Why does Buildkite say my job is pending, but the EngFlow UI says it failed?¶

This happens if there is an error with the job before the execution starts. Probable causes for this error are a bug in EngFlow, or container pull errors (e.g., the container URL is incorrect).

The precise reason can be inferred from the Stderr output of the EngFlow action associated with the job. To inspect the action result in your EngFlow Build and Test UI:

Access the CI Runners Status page.
Find the listing for the CI job, and select the corresponding View execution result link. This opens the Action Details page.
On the Action Details page, expand the Action Result card.
Inspect the Stderr output.

The cluster cannot cancel the job on the user's behalf, nor can it report failure to Buildkite, so the job appears to be queued.

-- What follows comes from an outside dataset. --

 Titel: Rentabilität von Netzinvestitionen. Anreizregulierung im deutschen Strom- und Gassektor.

My snapshot is bad. How do I stop using it?¶

There are two options:

Option A: Using the New build dialog in the Buildkite UI, run a new job with the additional environment variables ENGFLOW_BENTO_FORCE_COLD=1 and ENGFLOW_BENTO_FORCE_SAVE=1. Run it on the branch specified in the Bento definition (e.g. main). This forces a cold run (i.e., no existing snapshot is used) and creates a new snapshot. This option is slower than Option B, but has no race condition.
Option B: Invalidate the snapshot by updating the Bento definition that it belongs to. Do the following steps:
1. In the Bento definition, unselect the Allow snapshots option and save it.
2. Edit the definition again to select the Allow snapshots option and save it.
Doing so effectively invalidates snapshots (see If I updated a Bento definition, will the existing snapshot be lost?). All runs will be cold until there is a new snapshot. To create a run, kick off a build on the master branch (or whichever branch you configured in the bento) on Buildkite. This option is faster than Option A, but leaves a small window of transience when someone might pick up the Bento between the two edits.

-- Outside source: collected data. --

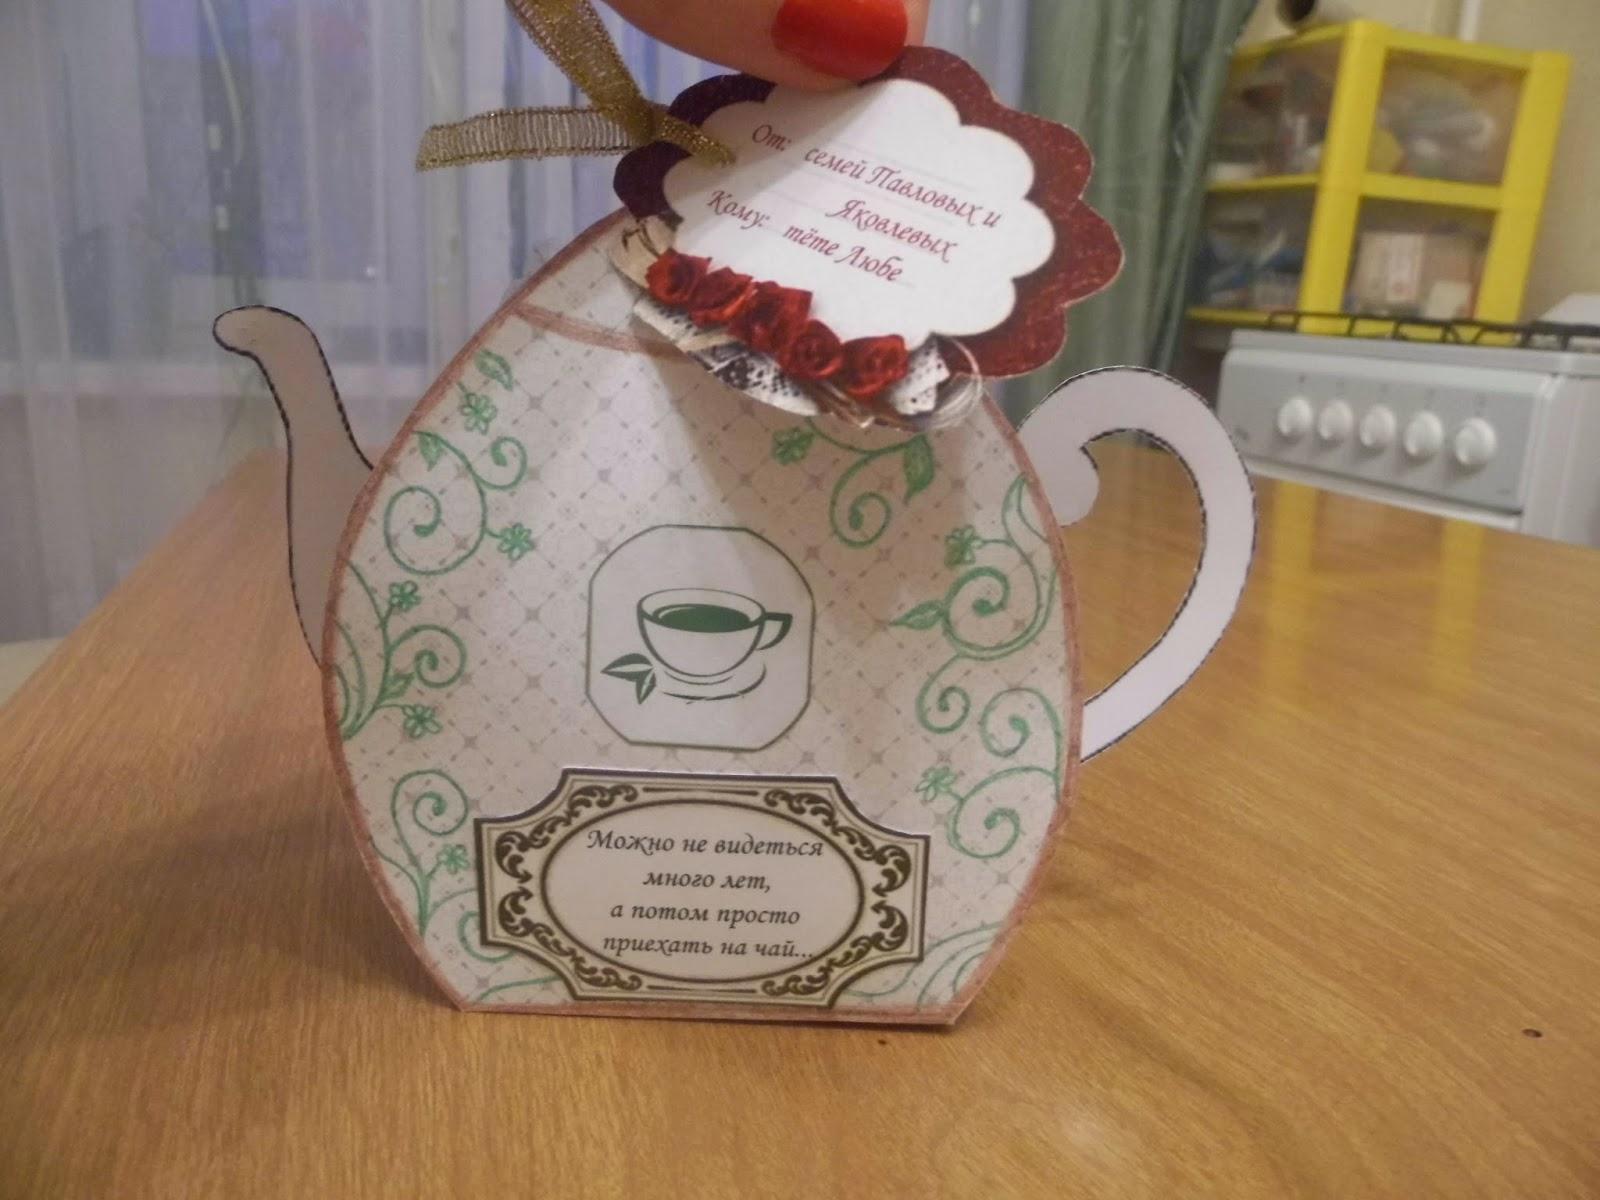 Чай на подарок своими руками на
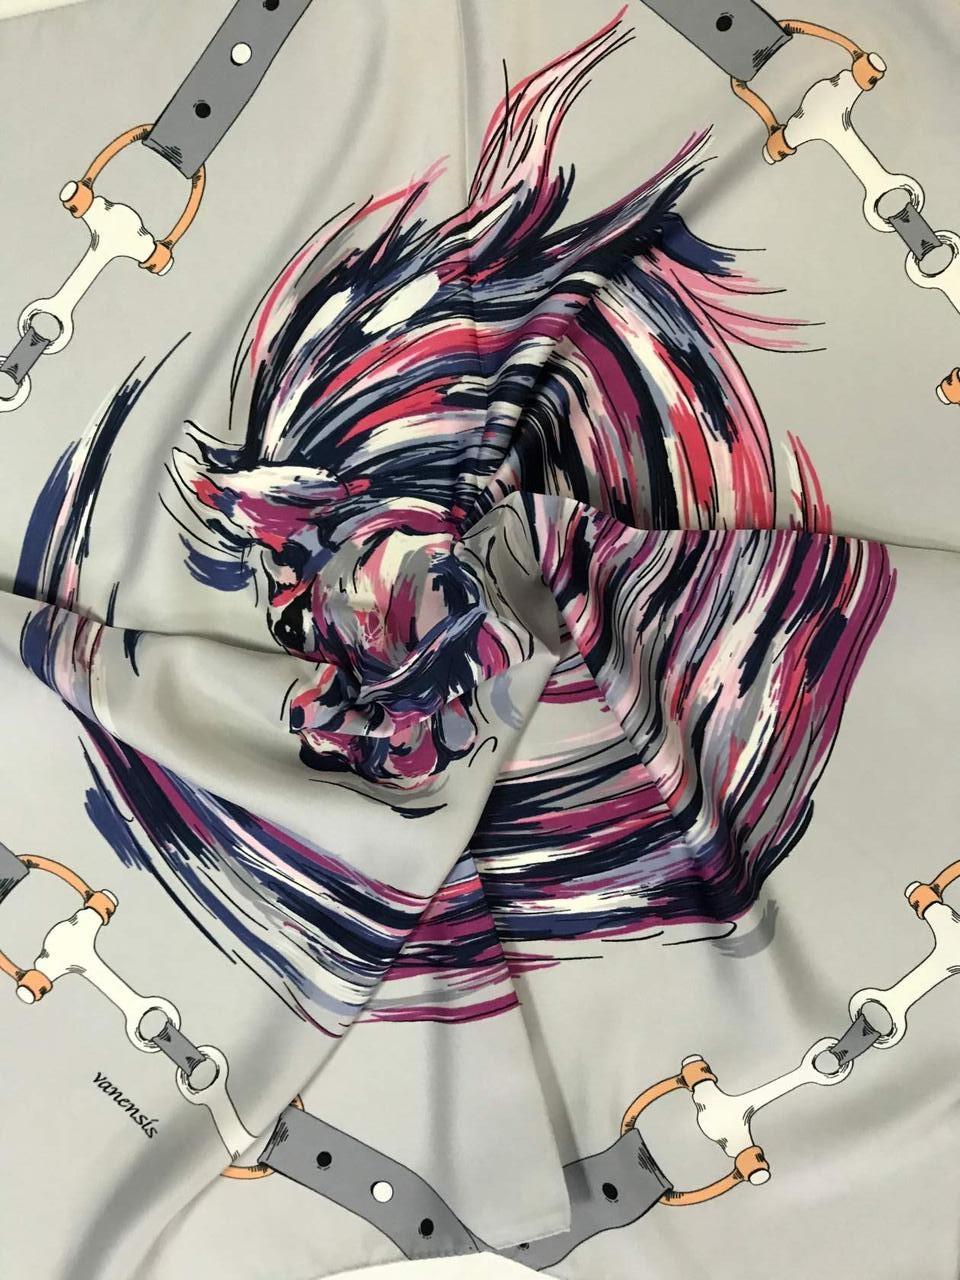 Платок шейный с добавкой  натур шёлка светло серый и мята с рисунком
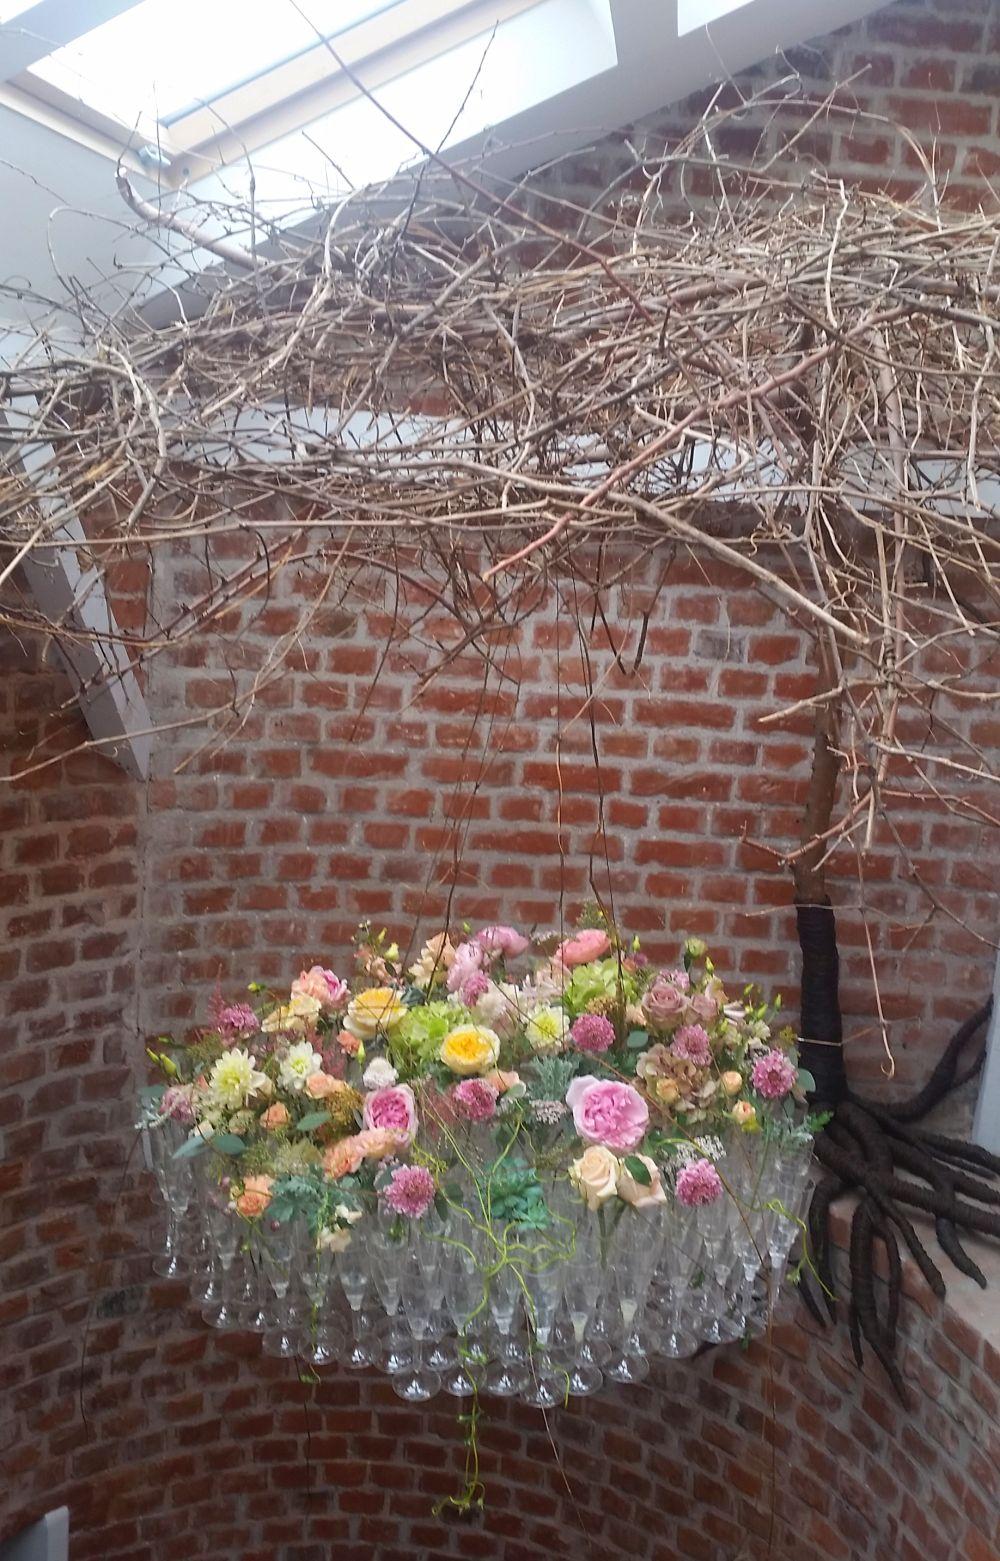 adelaparvu-com-despre-the-wedding-gallery-2016-floraria-iris-design-nicu-bocancea-41

Do you support custom Buildkite hooks?¶

Yes, add "engflow-agent-env=BUILDKITE_ADDITIONAL_HOOKS_PATHS=/my-hooks" to the agent description. The value /my-hooks should point to the directory where the custom hooks are stored inside the build image. This causes the $BUILDKITE_ADDITIONAL_HOOKS_PATHS environment variable to be passed to the agent.

How to set custom buildkite-agent options?¶

Use one of the following options:

Inside the image defined in the Bento, put the custom configuration in $HOME/.buildkite-agent/buildkite-agent.cfg.
Put the configuration somewhere else, and add - “engflow-agent-env=BUILDKITE_AGENT_CONFIG=path/to/config” to the agent section in the pipeline.yml file.
Some options can be set directly through environment variables, which can be set using engflow-agent-env=KEY=VAL.

Do you support Buildkite clusters?¶

EngFlow supports a single agent token (clustered or unclustered). Support for multiple clusters will be available in upcoming releases.